Optimal real-time integration control of a virtual power plant

Abstract

This paper presents an optimal, real-time integration control mechanism for interconnecting hybrid energy sources into a virtual power plant. The implemented virtual power plant consists of distributed energy sources including ten solar panels providing 1 MW aggregate power, six wind turbines generating 9 MW aggregate power, and ten grid connected battery energy storage systems which support the overall grid. Importantly, the capacity, the availability and the uninterrupted operation of the virtual power plant were identified as metrics to evaluate the real-time integration of distributed energy sources into the virtual power plant. Furthermore, optimization techniques were developed using mixed integer linear programming in CPLEX (IBM ILOG optimization studio) to identify the optimal real-time operating margins for the aggregate virtual power plant.
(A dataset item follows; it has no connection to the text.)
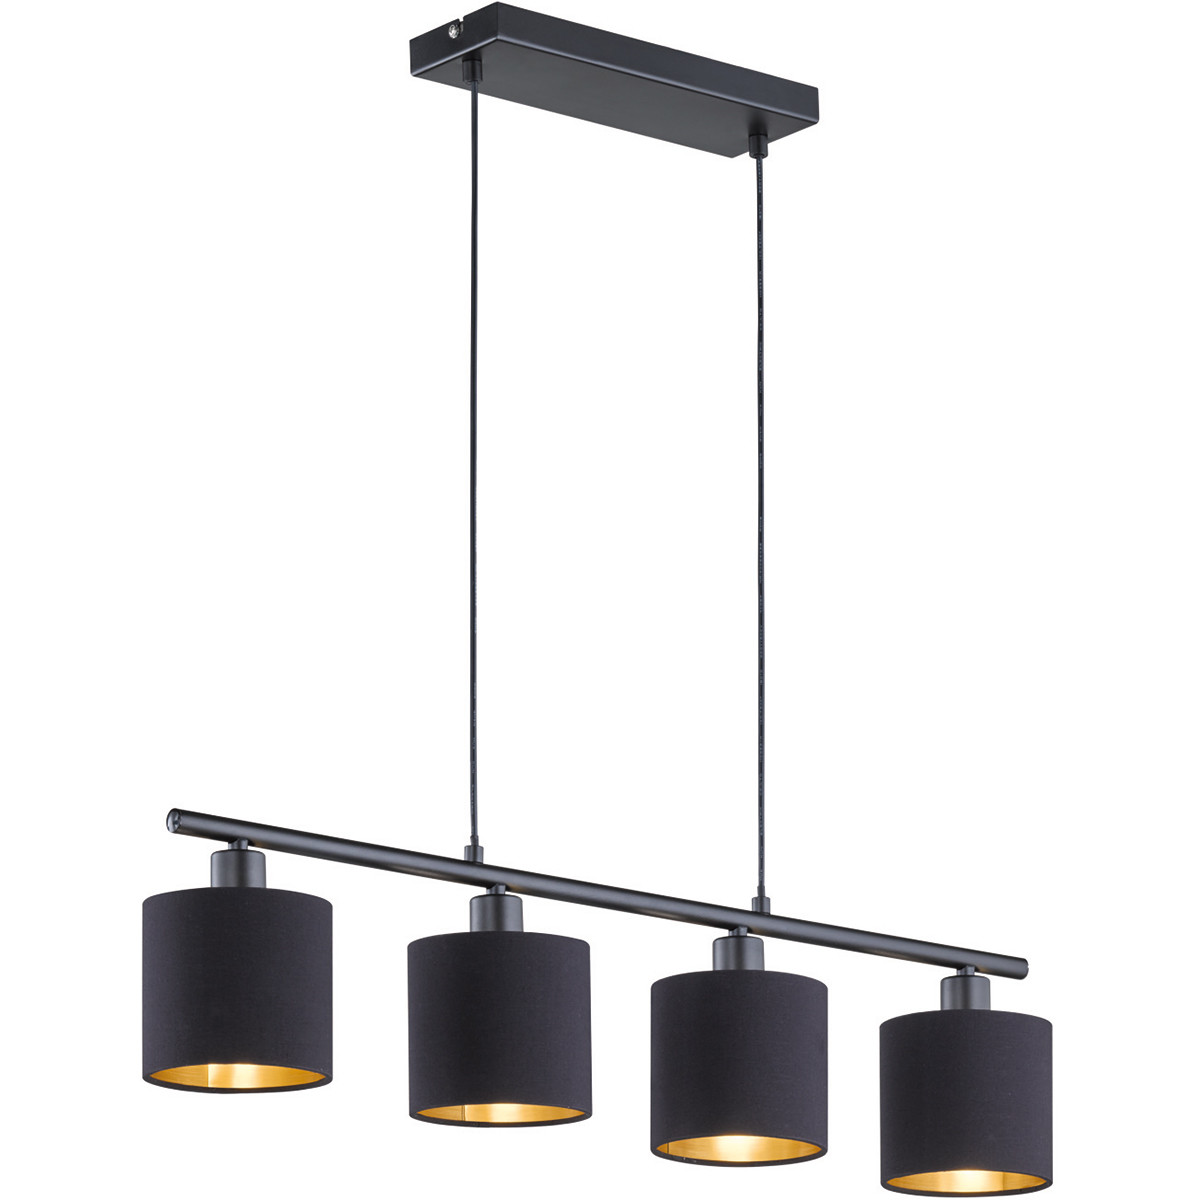 LED Hanglamp - Trion Torry - E14 Fitting - Rechthoek - Mat Zwart - Aluminium

Using the optimal real-time integration control mechanism, the capacity factor of the virtual power plant was improved by 45 %, the system unavailability was reduced by 5.3 %, and the system interruption was reduced by 65.47 %, while the duration of the interruption decreased by 13 minutes per day as compared to non-optimal integration control strategies. The obtained results demonstrate that the optimal real-time integration control mechanism yields a more functional and reliable integration control of the virtual power plant, and thus increases the economic feasibility of distributed energy resources in the energy market.